Reprise partielle de Sotralentz: 80 licenciements, quelque 300 emplois sauvés

STRASBOURG, 9 décembre 2016 (AFP) – La justice commerciale a validé vendredi à Strasbourg la reprise partielle de trois filiales du groupe industriel Sotralentz, en difficultés financières, qui prévoit la sauvegarde de quelque 300 emplois, mais entraînera le licenciement d’environ 80 salariés.

La chambre commerciale du tribunal de grande instance de Strasbourg a prononcé la cession de trois des cinq filiales du groupe à trois repreneurs.

Le groupe allemand Sülzle et le groupe breton de plasturgie Agriplas reprendront chacun une partie de Sotralentz Construction, avec quelque 150 des 170 salariés.

Agriplas et le groupe allemand Rikutec (plasturgie) reprendront chacun une partie de Sotralentz Packaging, avec le maintien de 137 emplois sur 153.

Quelque 52 des 62 salariés de la filiale Sotralentz SAS (siège du groupe), qui regroupe les activités de support et les services administratifs seront licenciés.
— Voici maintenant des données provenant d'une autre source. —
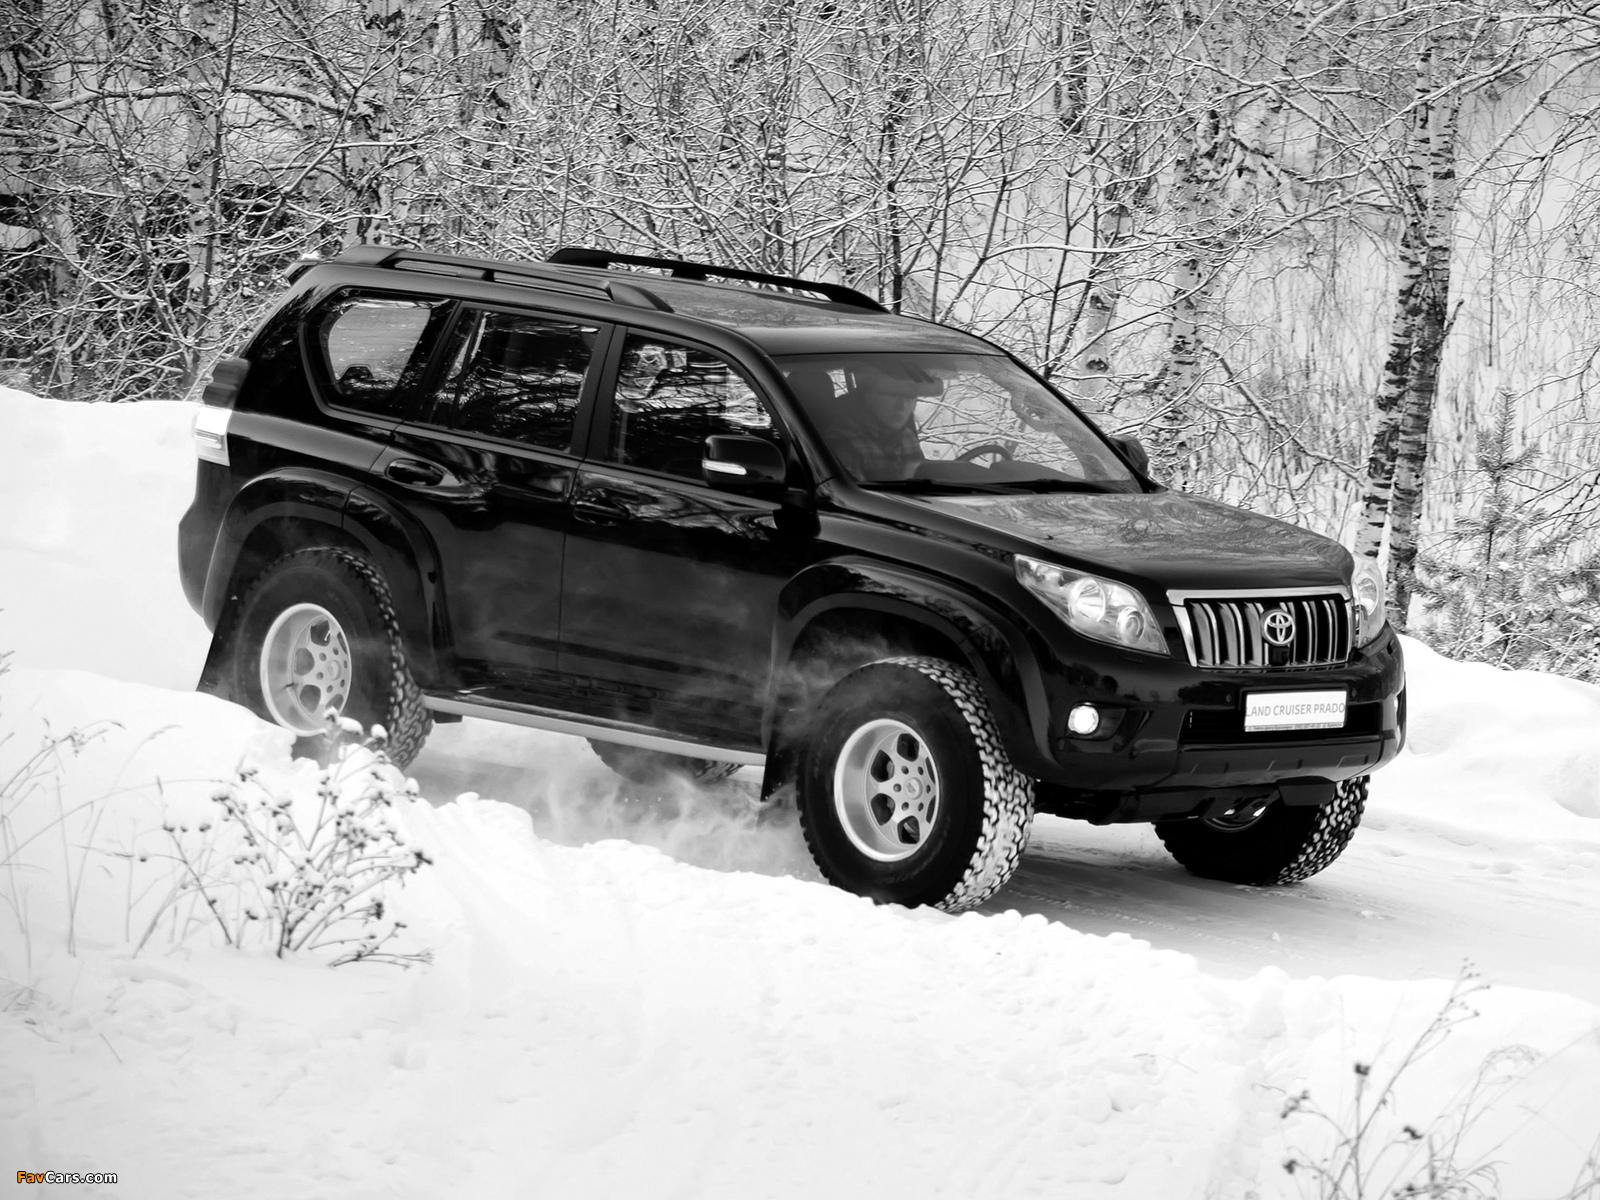 Arctic Trucks Toyota Land Cruiser Prado - WheelsAge.org

Une trentaine de salariés des deux autres filiales seront licenciés ou font l’objet de départs volontaires négociés.

La date de prise d’effet des plans de reprise est fixée à lundi.

Sotralentz avait été placé en redressement judiciaire fin septembre.

Basé dans le Bas-Rhin, à Drulingen au nord-ouest de Strasbourg depuis ses origines en 1904 et à Sarralbe (Moselle), Sotralentz fabrique notamment des treillis soudés pour les constructions en béton armé, des pièces de chaudronnerie, des éléments de gros volume pour l’industrie ainsi que des citernes et réservoirs pour le stockage du fioul et de carburants.

Le groupe, présent en Allemagne, Espagne, Pologne et Roumanie, emploie 1.100 salariés en Europe dont 600 en France à travers ses filiales métallurgie, construction, emballage et formation industrielle en soudage.

C’est « un grand soulagement » pour les salariés, a déclaré à l’AFP Elisabeth Mathys, secrétaire du comité d’entreprise et secrétaire CGT de Sotralentz Packaging.

Pour Sotralentz Packaging et Sotralentz Construction, « 95% des emplois sont sauvés », a-t-elle ajouté.

Aujourd’hui « on respire tous, on veut tourner la page sur Sotralentz », a dit la secrétaire du CE de Sotralentz. « L’activité des filiales reprises va continuer. Les carnets de commandes sont pleins. Ce n’est pas un problème d’activité, c’est un problème au niveau de la trésorerie qui était très mauvaise », a souligné Mme Mathys.

La chambre commerciale doit encore examiner les dossiers de deux autres filiales, les plus importantes: Sotralentz métal industrie (SMI, 219 salariés) et Secofab (158 salariés), le 16 janvier prochain.

Pour le moment les deux filiales ne feraient l’objet d’aucune offre de reprise, mais seulement « d’une lettre d’intention » d’un ancien PDG de cet entreprise familiale, selon Elisabeth Mathys.

En 2015, Sotralentz a réalisé 276 millions d’euros de chiffre d’affaires.